Ultra-broadband supercontinuum generation in gas-filled photonic-crystal fibers: The epsilon-near-zero regime

TL;DR

This paper theoretically demonstrates that gas-filled hollow-core photonic crystal fibers can generate broadband supercontinuum light in the mid-infrared by exploiting the interplay of Kerr and photoionisation nonlinearities near the epsilon-near-zero regime.

Contribution

It introduces a novel approach to broadband supercontinuum generation using gas-filled fibers near epsilon-near-zero conditions, highlighting the role of photoionisation and Kerr effects.

Findings

Broadband supercontinuum achieved in the mid-infrared regime.

Enhanced nonlinear effects due to epsilon-near-zero conditions.

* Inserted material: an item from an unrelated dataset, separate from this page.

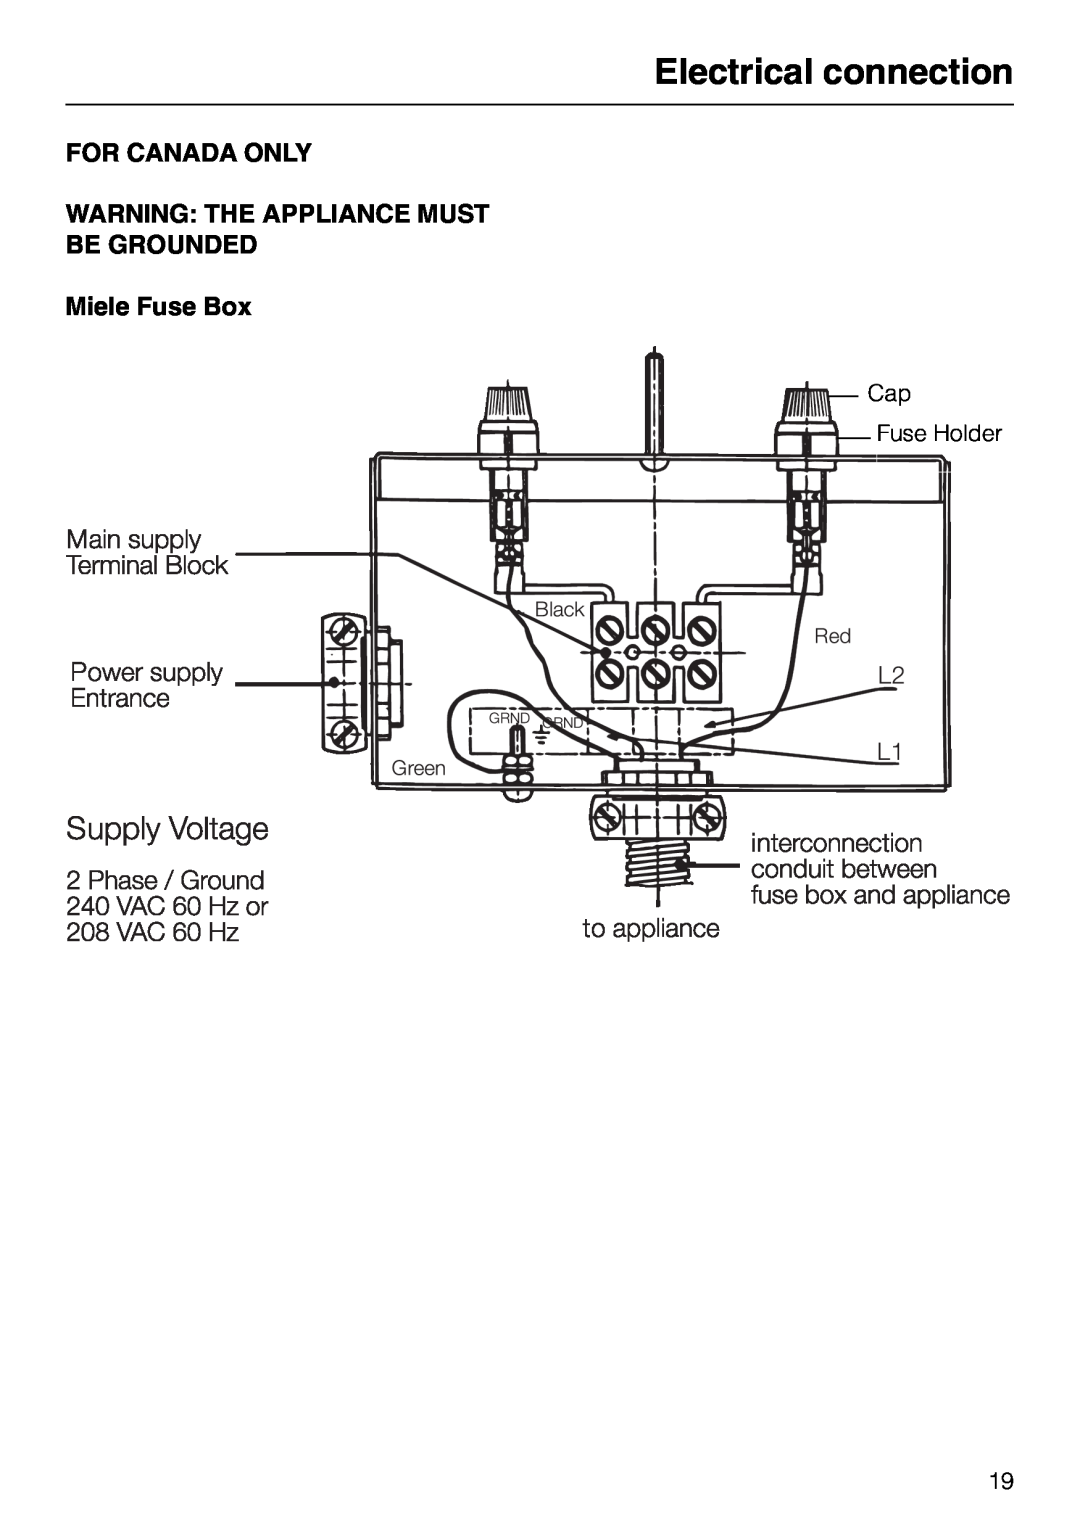 Miele KM 87-2, KM84-2 manual FOR CANADA ONLY WARNING THE APPLIANCE MUST BE GROUNDED Miele Fuse Box, Electrical connection

Multiple dispersive-wave emissions observed.

Abstract

In this Letter, we show theoretically that the nonlinear photoionisation process of a noble gas inside a hollow-core photonic crystal fibre can be exploited in obtaining broadband supercontinuum generation via pumping close to the mid-infrared regime. The interplay between the Kerr and photoionisation nonlinearities is strongly enhanced in this regime. Photoionisation continuously modifies the medium dispersion, in which the refractive index starts to significantly decrease and approach the epsilon-near-zero regime. Subsequently, the self-phase modulation induced by the Kerr effect is boosted because of the accompanied slow-light effect. As a result of this interplay, an output spectrum that comprises of a broadband light with multiple dispersive-wave emission is obtained.